Rachel vit que la main gauche de l’homme, qui était posée sur la cheminée, se mettait à trembler et elle distingua le petit bruit que faisait le métal d’une bague contre le marbre.
Et, soudain, l’homme fit demi-tour pour se trouver en face de Rachel et la mieux voir. Mais il le fit avec cette rapidité que l’on met, quand on perd de l’œil un adversaire redoutable et qu’on craint d’être frappé par lui durant la seconde où on ne l’immobilise plus avec le regard.
Face à face avec Rachel, seulement séparé d’elle par la table à jeu, il la considéra avidement. Et celle-ci, lucide, constata qu’il était en bras de chemise et sans col, que le tissu de cette chemise était dans une soie très fine et débordait de son pantalon tendu par son gros ventre soulevé. Elle nota que ses mains étaient chargées de bijoux et que sa poitrine était affreusement velue.

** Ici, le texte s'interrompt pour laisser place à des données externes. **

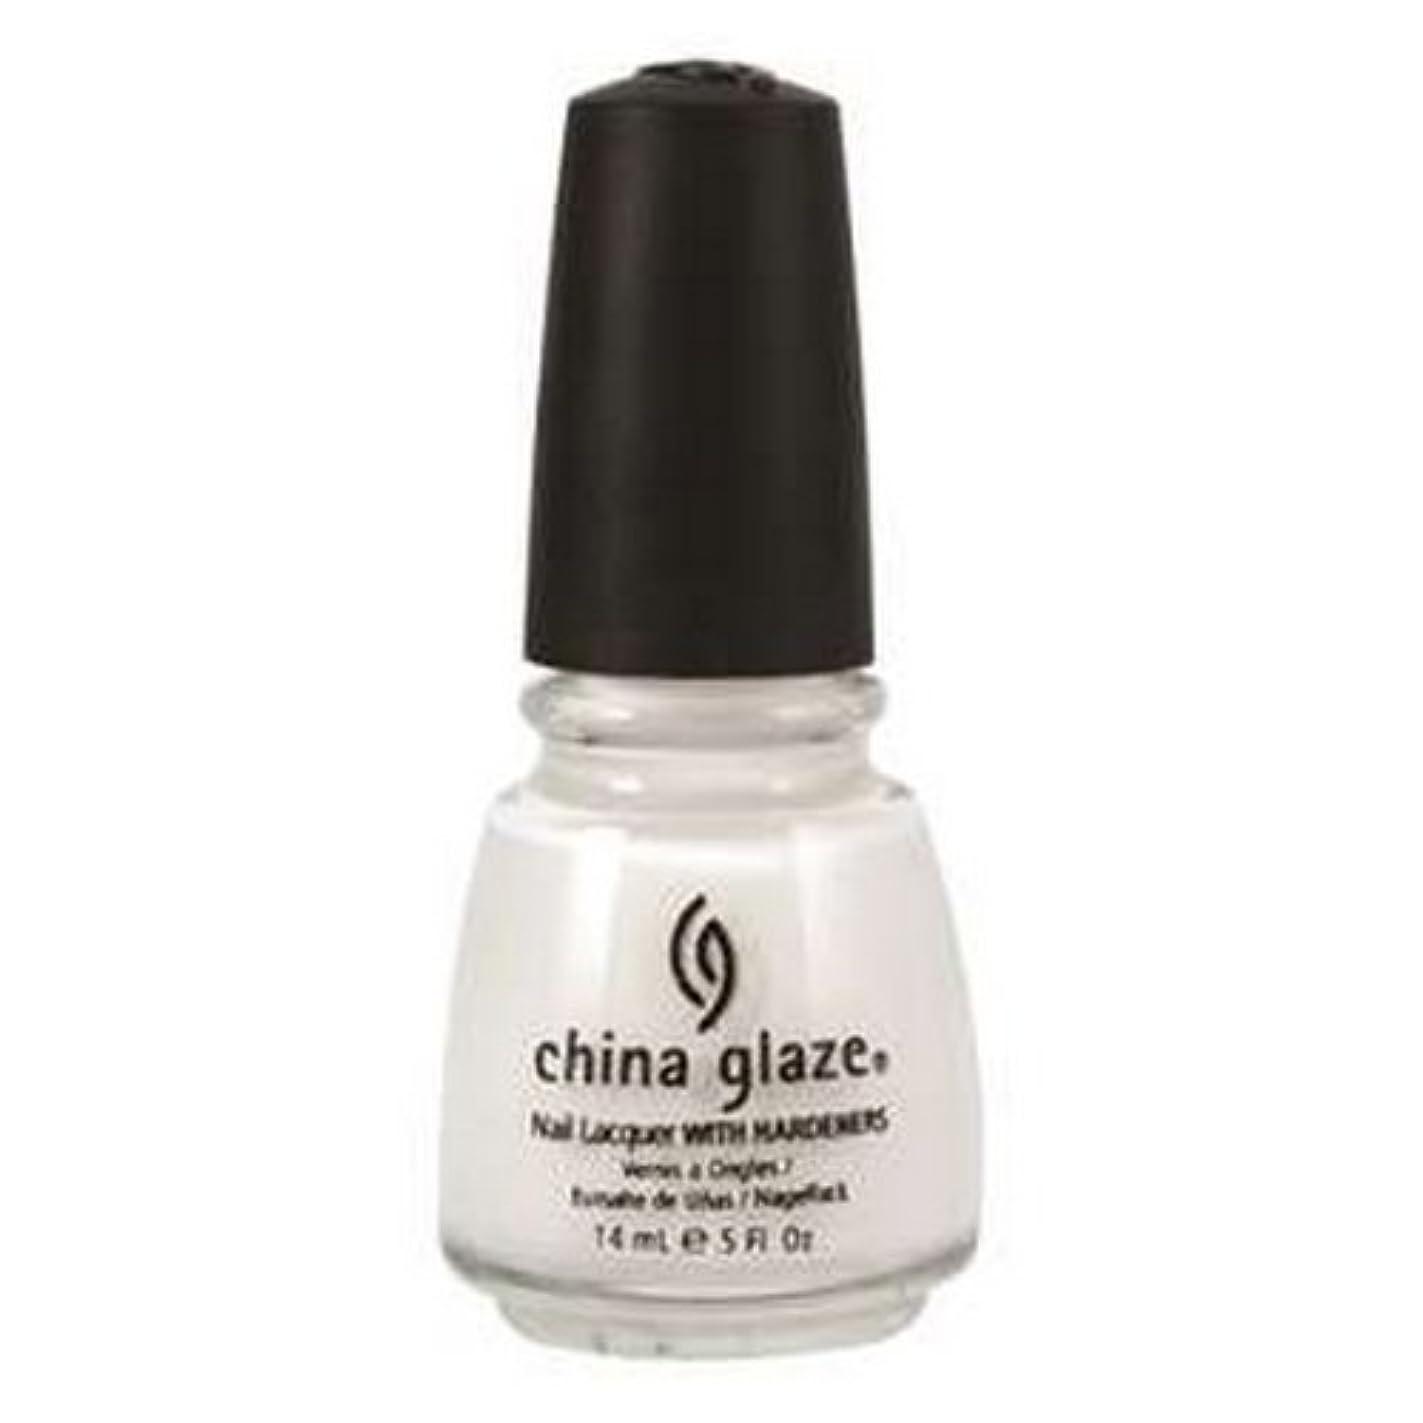 重要な役割を果たす、中心的な手段となる台無しにテストCHINA GLAZE Nail Lacquer with Nail Hardner 2 - Snow (並行輸入品)
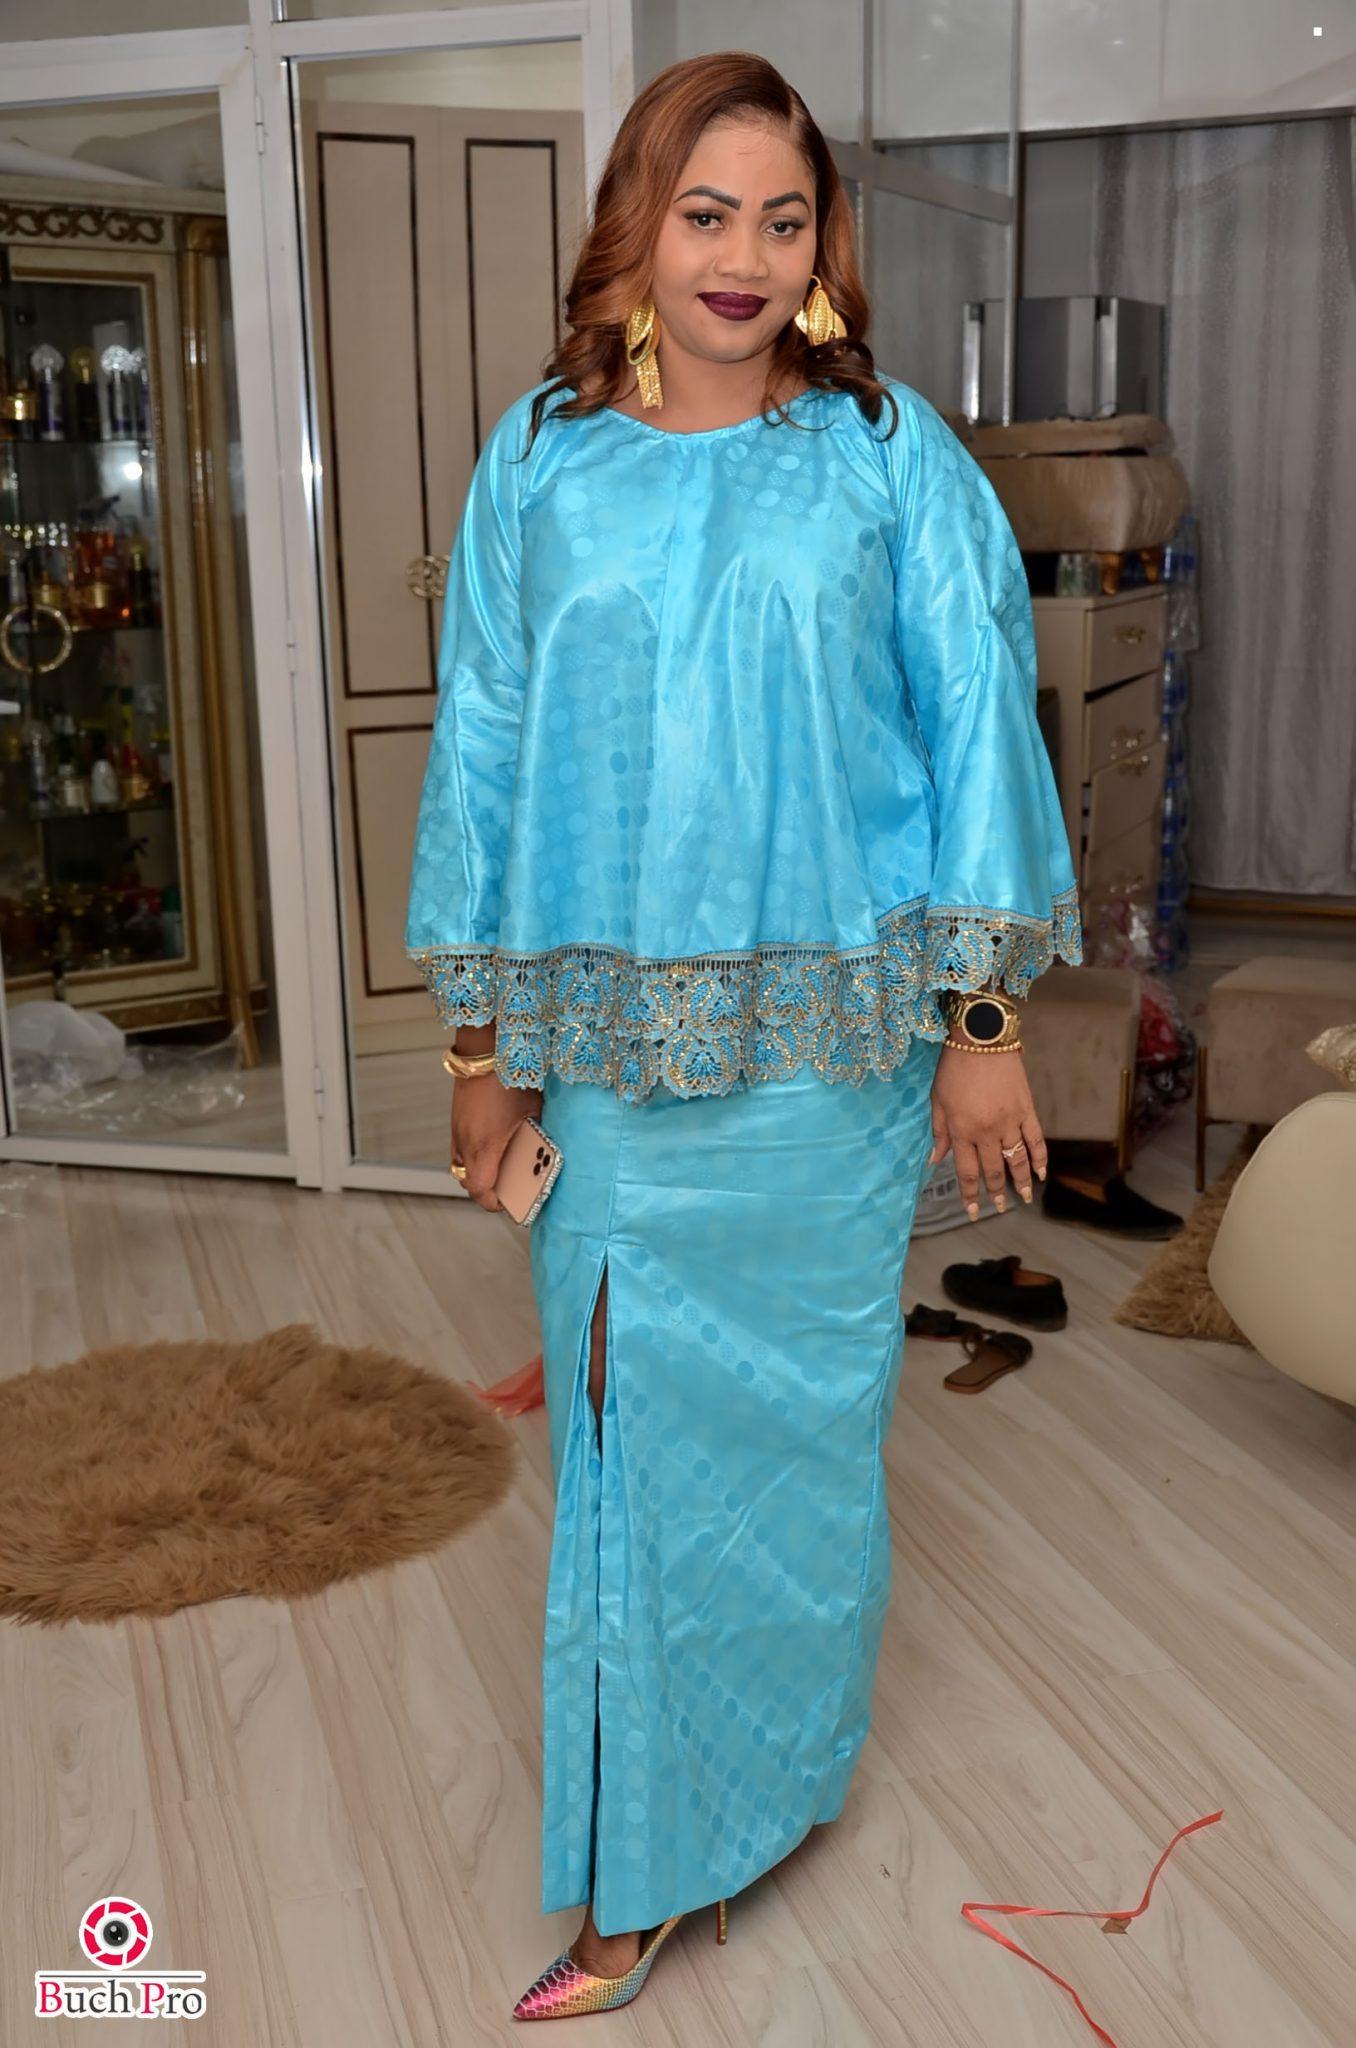 Incroyable – Mounass « Tour du monde » tabasse sévèrement et saccage la maison de Amina Ndiaye,une victime de « Kocc » :Pour avoir tenté de briser son couple

Mais la terreur de l’homme ne faisait qu’augmenter par la contemplation de la jeune fille. Son visage exprima qu’il avait la confirmation d’une chose redoutée quand il regardait dans le miroir, d’une chose redoutée peut-être depuis longtemps et entrevue dans le miroir des méditations. Il quitta à nouveau les yeux de Rachel pour regarder à sa droite une porte près de la cheminée et il fut visible qu’il pensait à quitter précipitamment la chambre. Mais il se rappela que cette porte était celle d’un cabinet de toilette qui n’avait pas d’autre issue et d’un geste rapide, en laissant échapper un bruit rauque de sa gorge, il saisit par le goulot une des bouteilles de champagne qui étaient sur la table et il l’arracha de son seau.
Il avait maintenant une arme. Mais le danger qu’il courait et contre lequel il voulait se défendre, était si inconcevable, d’une si inéluctable nature, qu’il se jugeait tout de même bien faible, bien chétif. Collé à la cheminée, sa main gauche en avant et battant l’air pour se protéger, il était plus pitoyable que terrible, il apparaissait si peu redoutable que Rachel ne songea pas à se protéger contre la bouteille de champagne et que même elle sentit s’évanouir en elle toute velléité de départ.
Le souffle qui sortait de la poitrine de l’homme épouvanté devint moins précipité, ses yeux s’écarquillèrent moins, il reposa lentement la bouteille sur la table. La réflexion intérieure pacifia ses traits, consolida ses membres, lui rendit l’usage, un instant annihilé, de sa pensée. Il considéra tour à tour les meubles, les deux couverts sur la table et ses yeux s’arrêtèrent sur la soie maculée du lit comme sur un reposoir bienveillant. Il remua avec lenteur la tête de haut en bas et Rachel comprit qu’il évoquait des souvenirs, faisait des rapprochements, pesait le poids de quelque coïncidence inconnue d’elle où sa ressemblance avec une autre femme devait jouer un rôle.
L’homme esquissa vers Rachel un geste mal assuré, prudent, comme s’il avait voulu la toucher du doigt, afin de s’assurer de la réalité de sa forme. Il n’acheva pas, sentant le ridicule d’un tel geste. Il ouvrit la bouche pour émettre une phrase explicative, mais il se rendit compte de son impossibilité à s’exprimer. Il balbutia tout de même :
— Je vous demande pardon.
Le son de sa propre voix le troubla, remua ses nerfs. Il se laissa tout à coup tomber sur une chaise. Ses traits se revêtirent de cette expression puérile, faite de laideur et de rajeunissement que donnent les larmes aux hommes vieillissants.
A ce moment, aux carreaux de la fenêtre cachée par des rideaux, claqua une large rafale de pluie et le chant des grenouilles monta, plus distinct, comme un hymne désespéré.